Bug 7881 - sa-learn queries uribl for already known messages
Summary: sa-learn queries uribl for already known messages
Status: RESOLVED FIXED
Alias: None
Product: Spamassassin
Classification: Unclassified
Component: Learner (show other bugs)
Version: 3.4.4
Hardware: PC Linux
: P2 normal
Target Milestone: Undefined
Assignee: SpamAssassin Developer Mailing List
URL:
Whiteboard:
Keywords:
Depends on:
Blocks:
 
Reported: 2021-01-20 14:04 UTC by Alexander Kauer
Modified: 2021-11-10 01:00 UTC (History)
3 users (show)



Attachment Type Modified Status Actions Submitter/CLA Status

Note You need to log in before you can comment on or make changes to this bug.
Description Alexander Kauer 2021-01-20 14:04:38 UTC
When running sa-learn on already known messages uribl queries for urls in them are made. This can result in getting blacklisted by uribl (URIBL_BLOCKED) due to too many requests in a short time if one has a lot messages. A caching name server doesn't help, as a lot of different urls can be contained in the messages.

How to reproduce:

1. Start tcpdump to obtain all queries made:

        tcpdump -i lo udp and port 53 | grep uribl

   If you don't use a local dns server you might need to adjust "lo" to your network device.

2. Run sa-learn, e.g.

        /usr/bin/sa-learn --ham /home/USER/Maildir/cur/

3. You can see in the output of tcpdump a lot domains like example.org.multi.uribl.com. .

4. Repeat running sa-learn.

5. You see the dns queries, again.

My bayes_seen file seems to get updated, at least the file's timestamp changes. Running sa-learn with -L gets rid of the queries and tcpdump's output (also related: bug 5837 ). The issue isn't general queries of sa-learn though, but that they are done for already known messages.
Comment 1 Henrik Krohns 2021-04-08 07:05:50 UTC
I can't reproduce this with 3.4.4 or newer versions.

What does sa-learn display if you add -D (debug) option? Are there dns: or async: lines that clearly show launching queries?
Comment 2 Henrik Krohns 2021-04-15 05:07:01 UTC
Please try latest version. Make sure the queries don't come from elsewhere on the server. If you still have the problem, feel free to reopen.
Comment 3 Henrik Krohns 2021-04-15 12:53:21 UTC
Well it seems using TxRep with 3.4 launches DNS queries for some reason..
Comment 4 Greg Troxel 2021-04-15 16:29:19 UTC
I have seen this to, when running sa-learn with TXREP enabled, without -L, on 3.4.5.

The basic problem (summarizingly unreasonably) seems to be that sa-learn is an interface to the learn method of any plugin that has one, and that while the man page makes claims about network access, they aren't true.   Also, there may be an expectation from the man page that learning is a quick process of scanning tokens (as it is for bayes) but for TXREP it seems to involve scoring the message.

I suggest two changes:

Fix sa-learn(1) to say that it's an interface to learning methods, and that the behavior is controlled by the plugin.  Remove the notion that -L is not needed, and instead say that -L is strongly recommended for bulk learning.   Add a command to show the currrent learn methods that would be invoked.

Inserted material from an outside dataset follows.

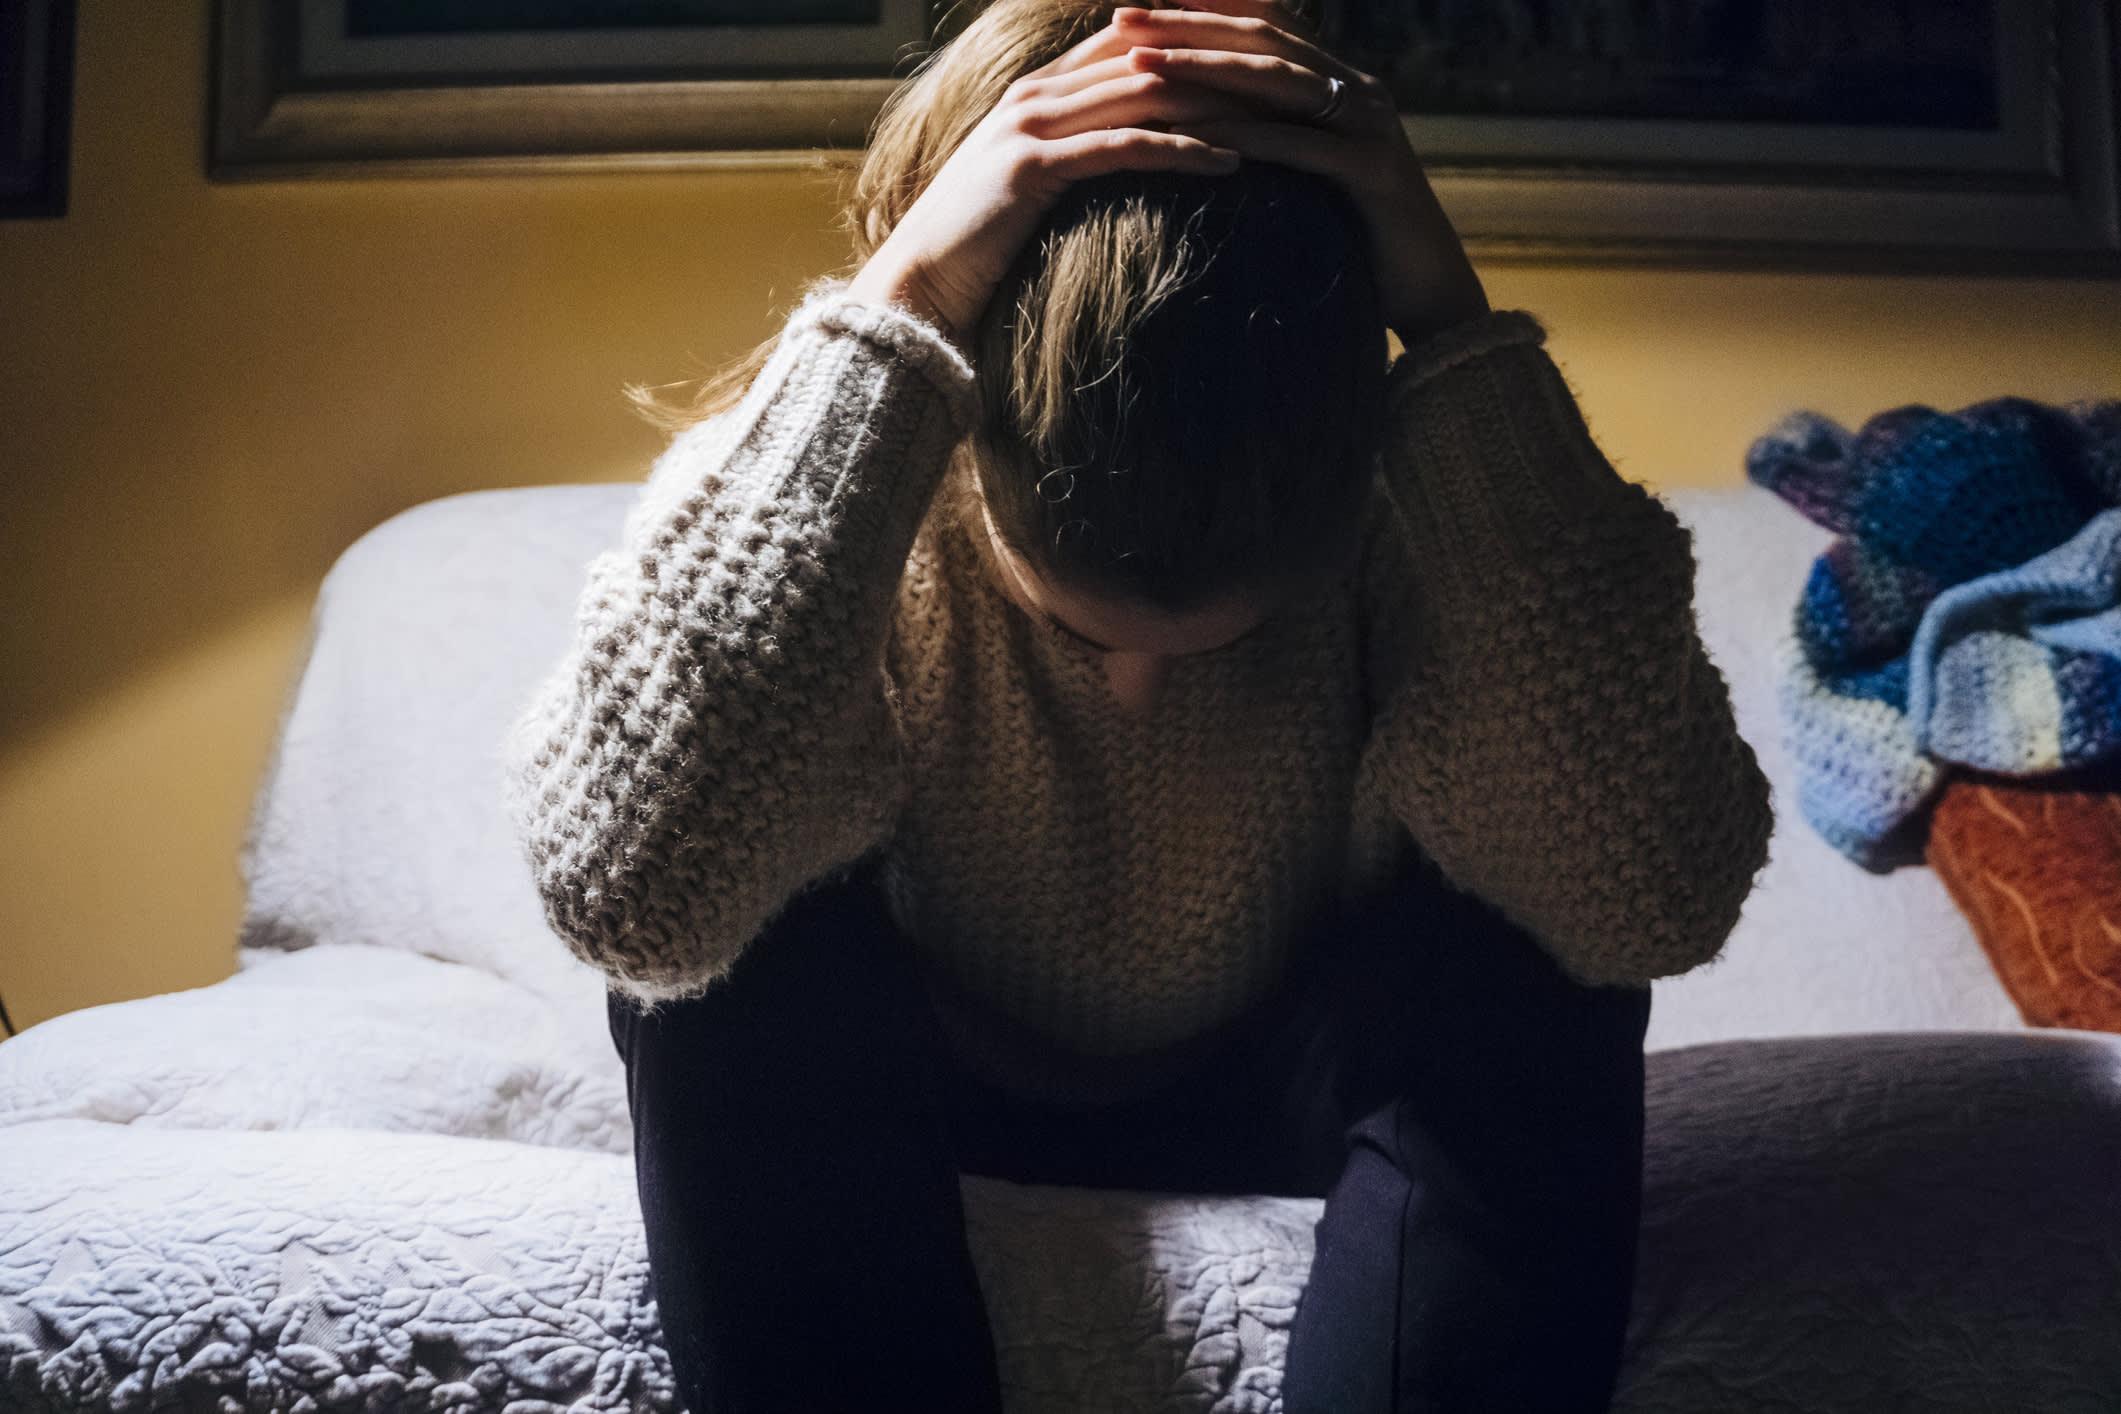 AA meetings, addiction counseling move online amid coronavirus outbreak

Change txrep to not rescore on learning, and instead just use the configure ham/spam scores.   Once the user has declared ham/spam the score is not really of interest.
Comment 5 Henrik Krohns 2021-04-18 14:47:21 UTC
Some plugins in 3.4 launched queries at parsed_metadata. Which apparenly wasn't called without TxRep, which explicitly calls extract_message_metadata() because it needs relay data..

Committed some fixes for 3.4, but I doubt 3.4.7 release will be seen, all work is for 4.0 now.

Sending        spamassassin-3.4/lib/Mail/SpamAssassin/Plugin/ASN.pm
Sending        spamassassin-3.4/lib/Mail/SpamAssassin/Plugin/AskDNS.pm
Sending        spamassassin-3.4/lib/Mail/SpamAssassin/Plugin/URIDNSBL.pm
Sending        spamassassin-3.4/lib/Mail/SpamAssassin.pm
Transmitting file data ....done
Committing transaction...
Committed revision 1888903.
Comment 6 Greg Troxel 2021-04-18 14:50:34 UTC
Are you saying this is fixed in 4, or wasn't a bug there, or ?
Comment 7 Henrik Krohns 2021-04-18 14:54:00 UTC
(In reply to Greg Troxel from comment #6)
> Are you saying this is fixed in 4, or wasn't a bug there, or ?

Plugins in 4 work differently so no issue there.